[Stored items]
.....
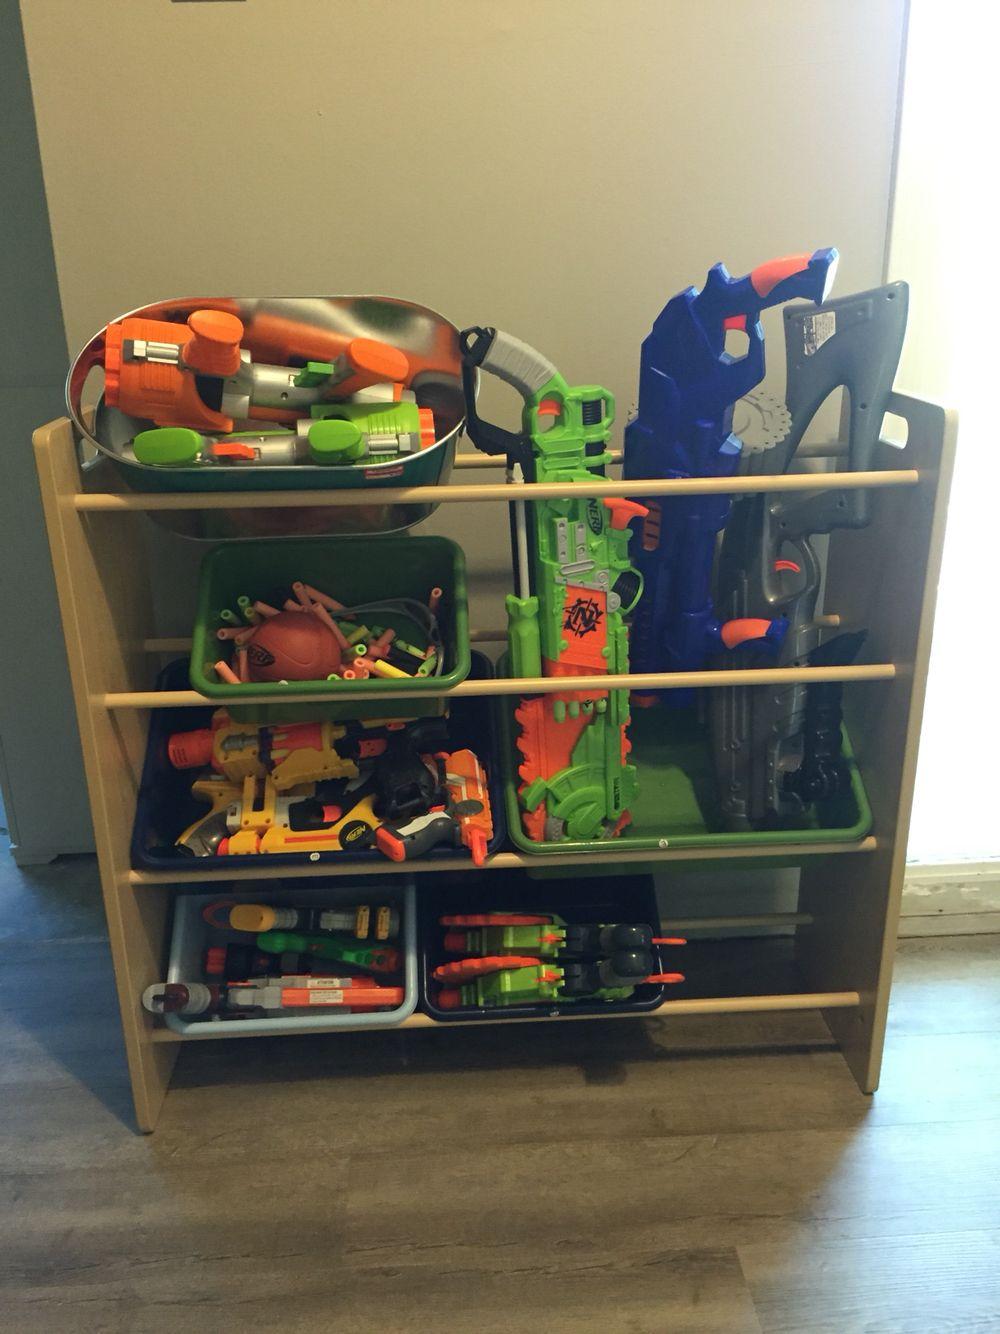 2019 New Wardrobe Kids Organizer Bins Box For Toys: Nerf Gun Storage, Toy
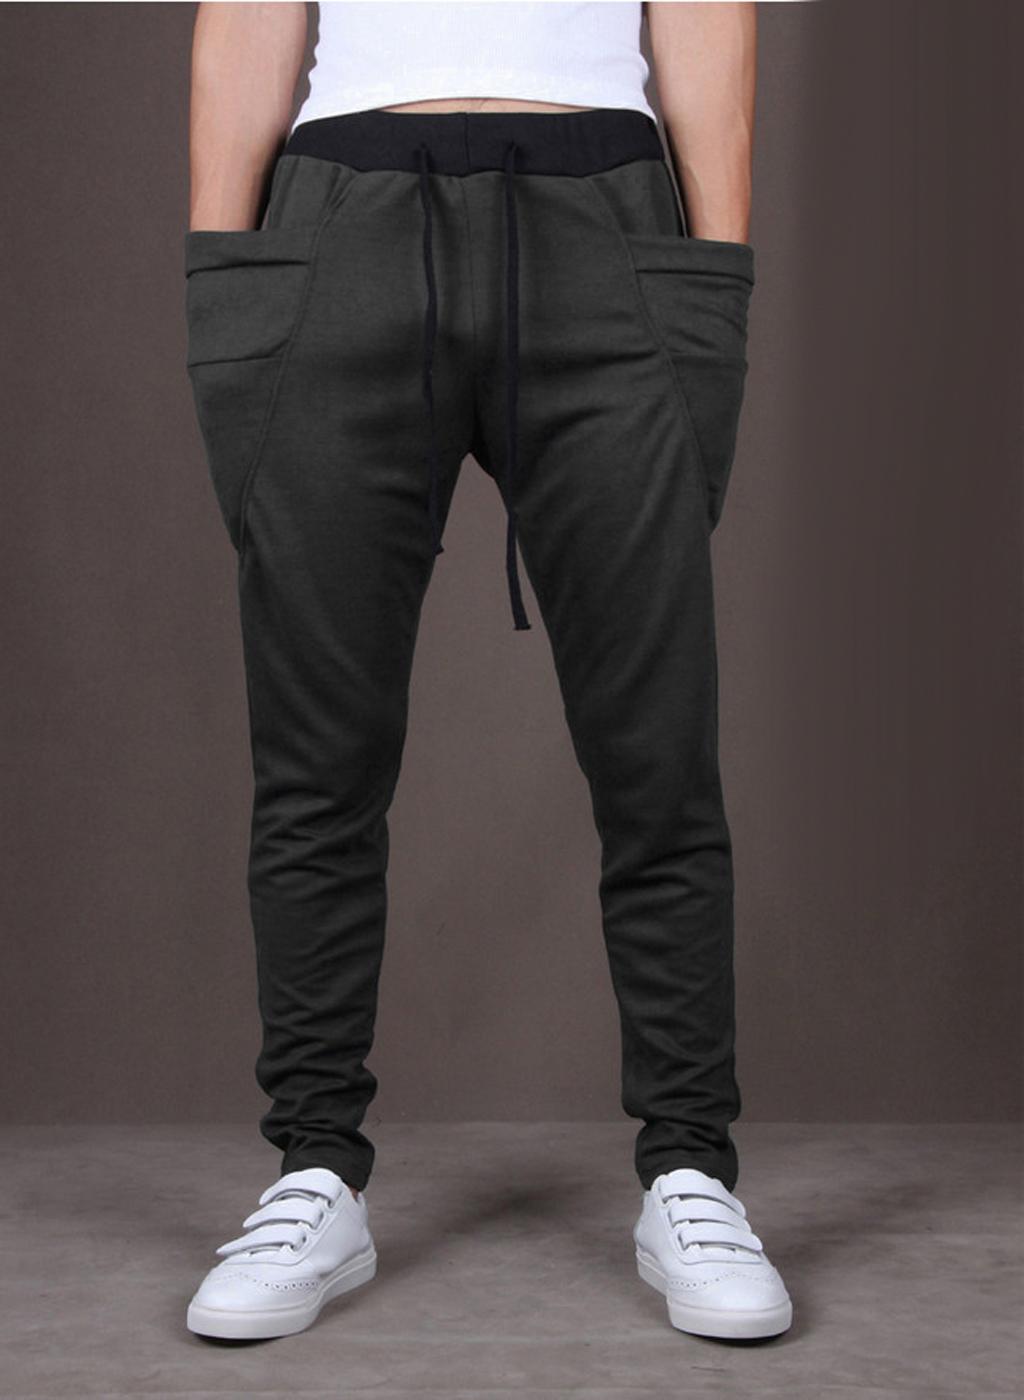 Mens Jogger Dance Sportwear Baggy Pants Trousers Sweatpants Dark Grey L
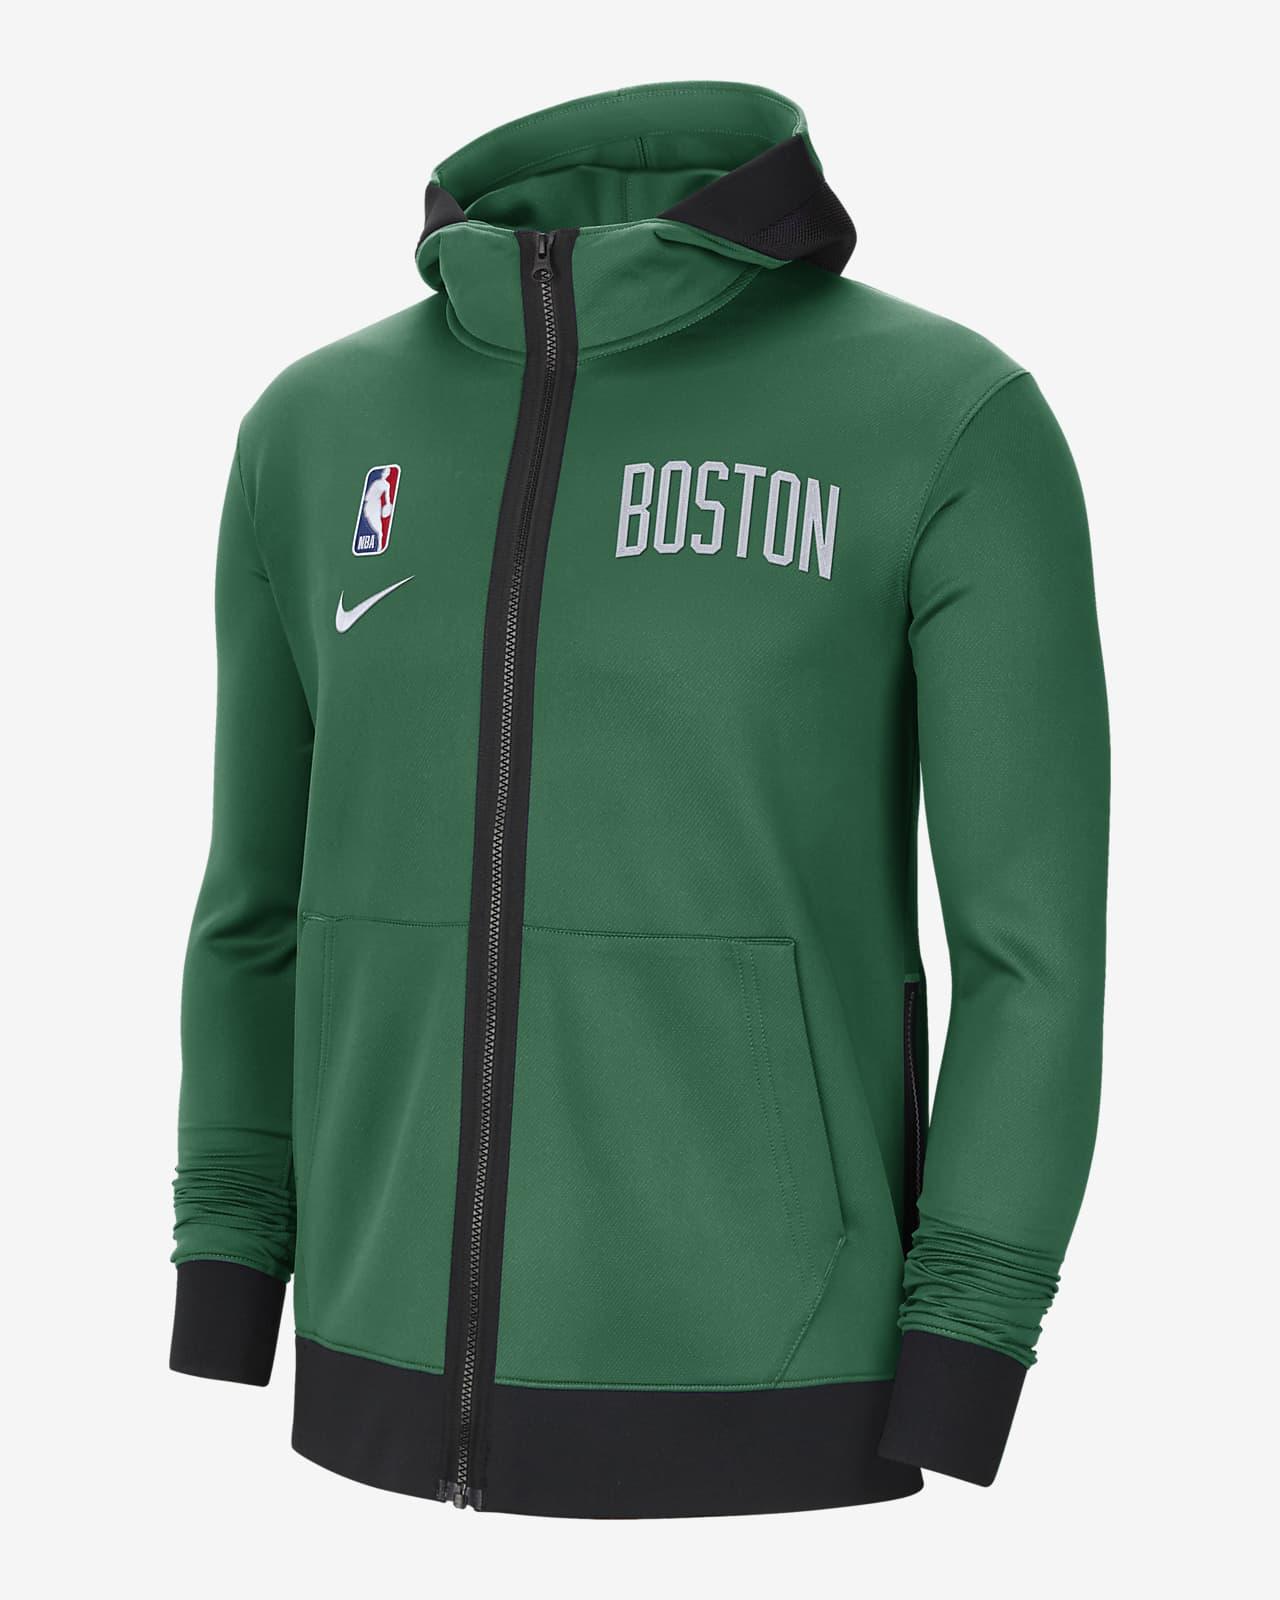 Educación escolar Derivación cultura  Boston Celtics Showtime Men's Nike Therma Flex NBA Hoodie. Nike AU
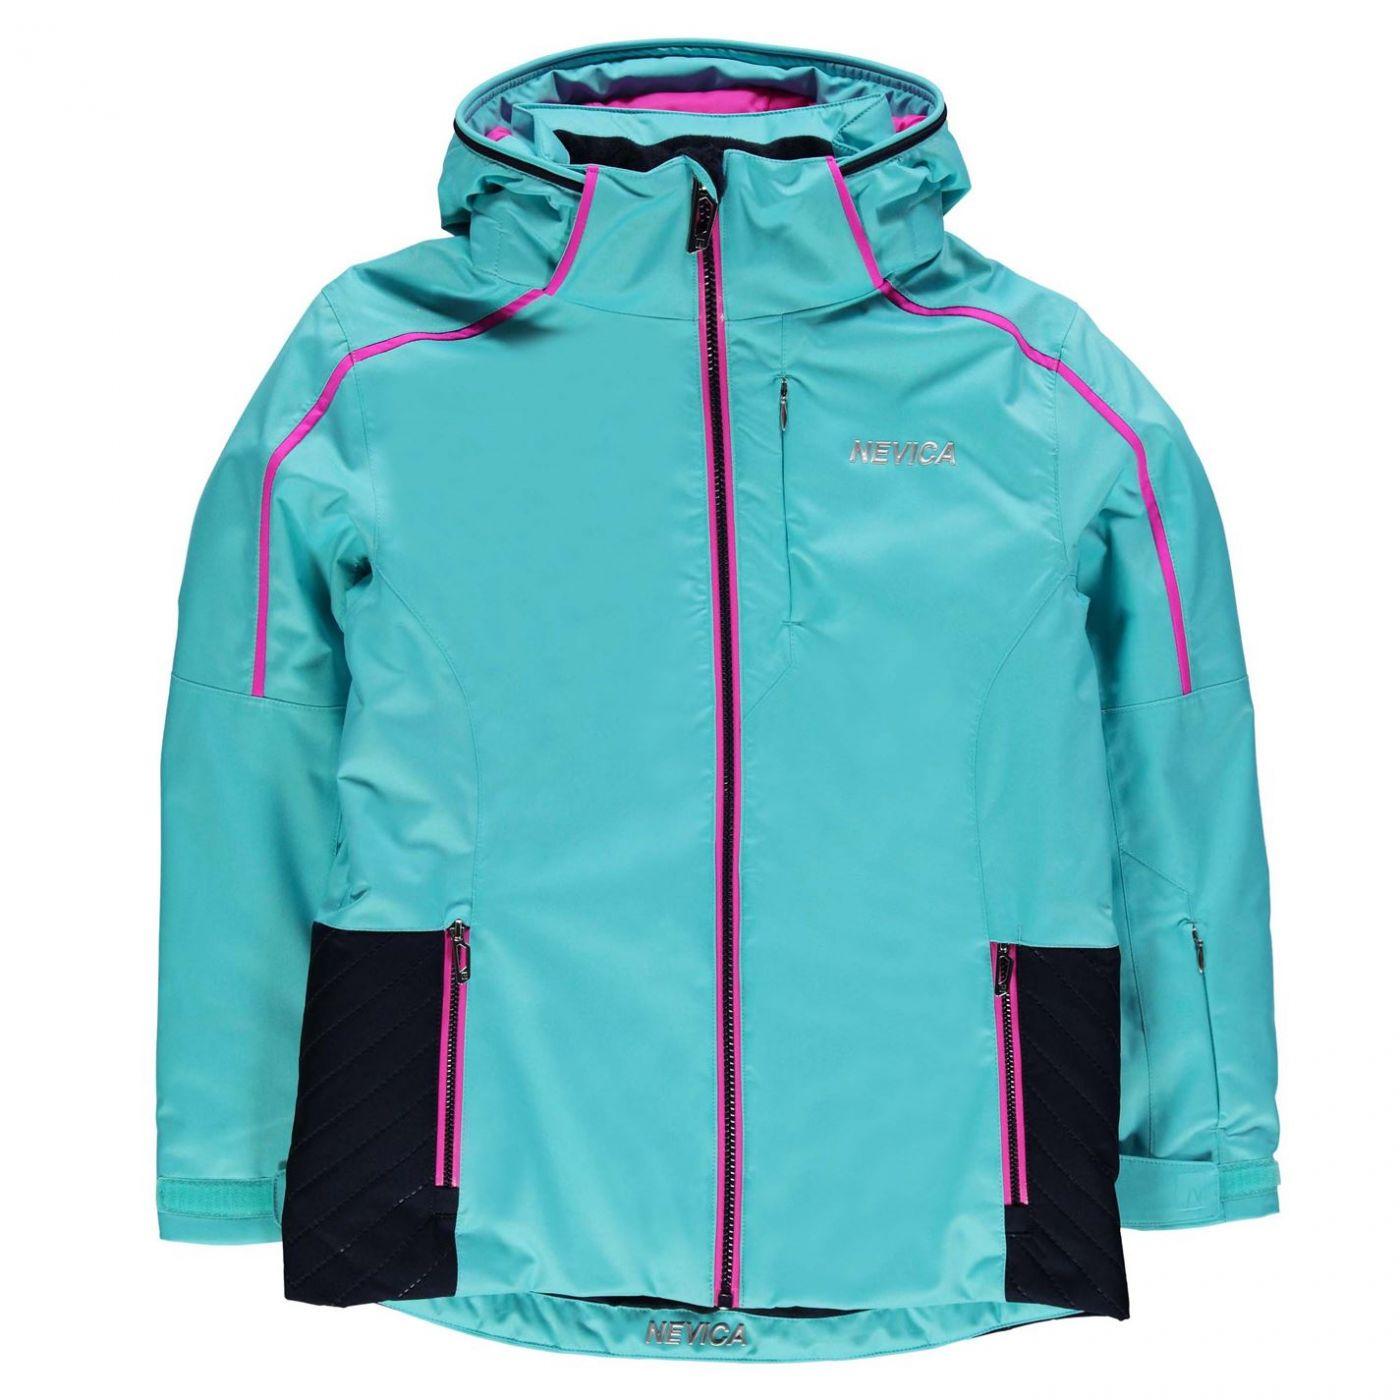 Nevica Meribel Girls Ski Jacket Age 7-8 RRP £99.99 BNWT
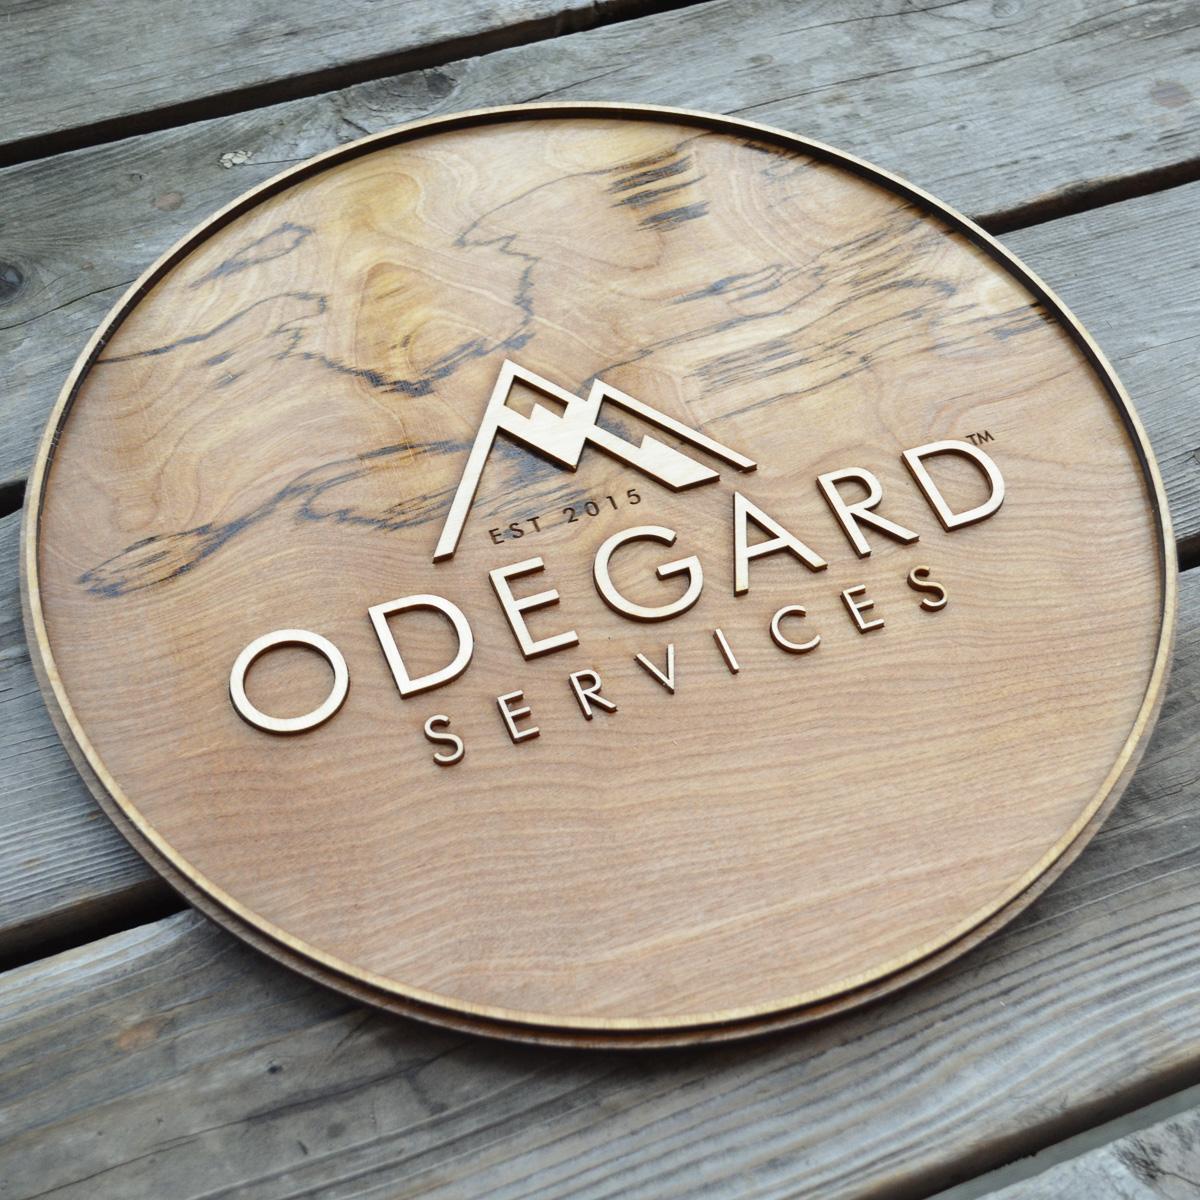 Emily Longbrake Odegard Services Sign 2
.....
> [Instructions for the task]: Your reply should be the lines of the records from the start through the line with "Educación escolar Derivación", copied word for word, pictures omitted.

> [Written answer]:
 2019 New Wardrobe Kids Organizer Bins Box For Toys: Nerf Gun Storage, Toy
 Mens Jogger Dance Sportwear Baggy Pants Trousers Sweatpants Dark Grey L
 Educación escolar Derivación cultura  Boston Celtics Showtime Men's Nike Therma Flex NBA Hoodie. Nike AU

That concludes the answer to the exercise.